Almost two years after Chancellor Olaf Scholz called Russia’s invasion of Ukraine a “historic turning point in the history of our continent,” Europe has at best only half-turned. True, most European governments have boosted their defense budgets – Finland, for example, by 37%, Poland by 11% – and set about upgrading their arms industries. But most, including Germany, still have trouble meeting the NATO spending target of 2% of gross domestic product and lack military coordination, even in spite of plans by the European Union (EU) to allocate 20 billion euros to help fund Ukraine’s military.

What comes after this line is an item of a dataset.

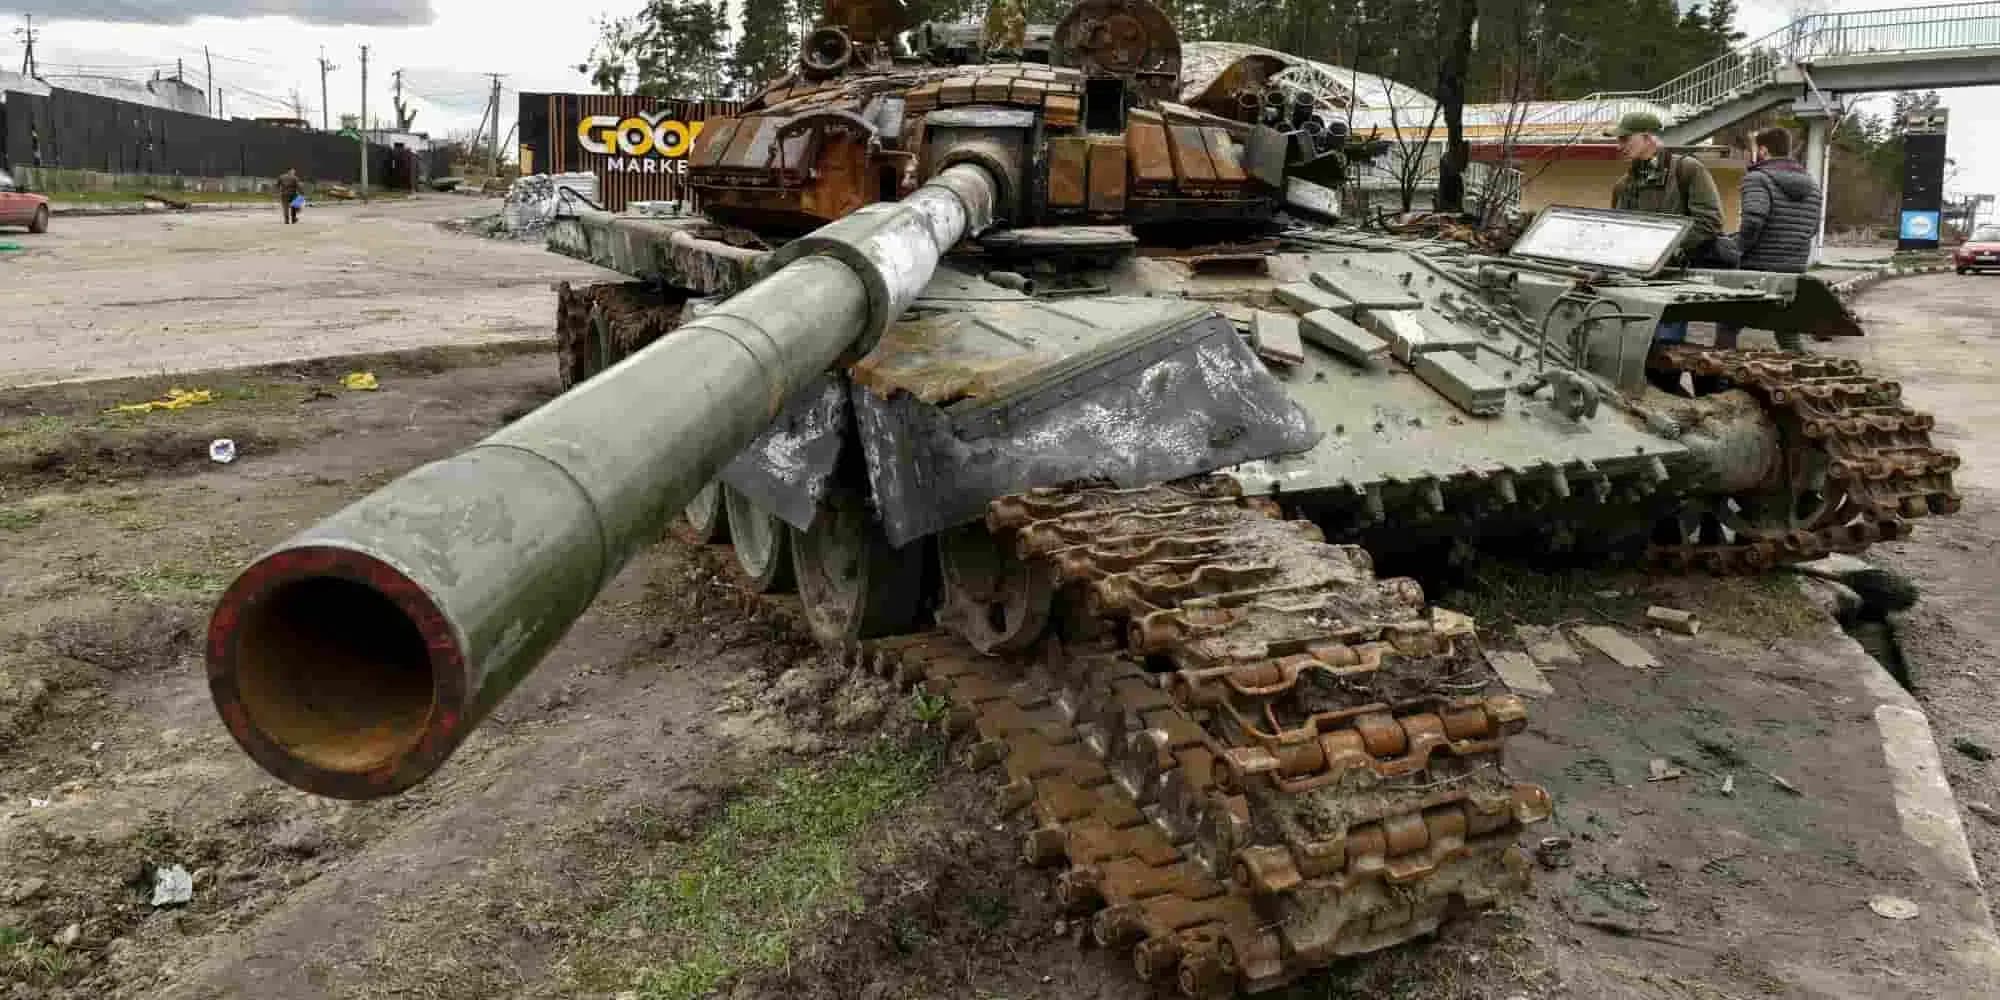 oukrania polemos tanks 11 4 2022

“Until now, European cooperation on defense was very limited,” says General Tom Middendorp, former defense chief for the Netherlands and current Chair of the International Military Council on Climate and Security, a think tank. Comprised as it is by so many different countries with separate interests and agendas, the international relations theorists Hugo Meijer and Stephen G. Brooks, for example, have questioned whether Europe will ever be in a position to defend itself. But Rajan Menon and Sean Monaghan are among a growing number of scholars who emphatically argue that it can.

A Question of Willingness

After all, the 27 countries in the EU had a combined GDP of more than $16.6 trillion in 2022, only a third less than that of the USA, making the bloc an economic superpower with impressive resources to mobilize for defense and security. The question is not whether it can, but when it will. More than 18 months into the Russo-Ukrainian War, it is clear it could take years before the EU – practiced as it is with regular ministerial meetings and leaders’ summits in Brussels – could forge a robust military force. That is because European politics is still informed by the peace dividend paid out after the Cold War.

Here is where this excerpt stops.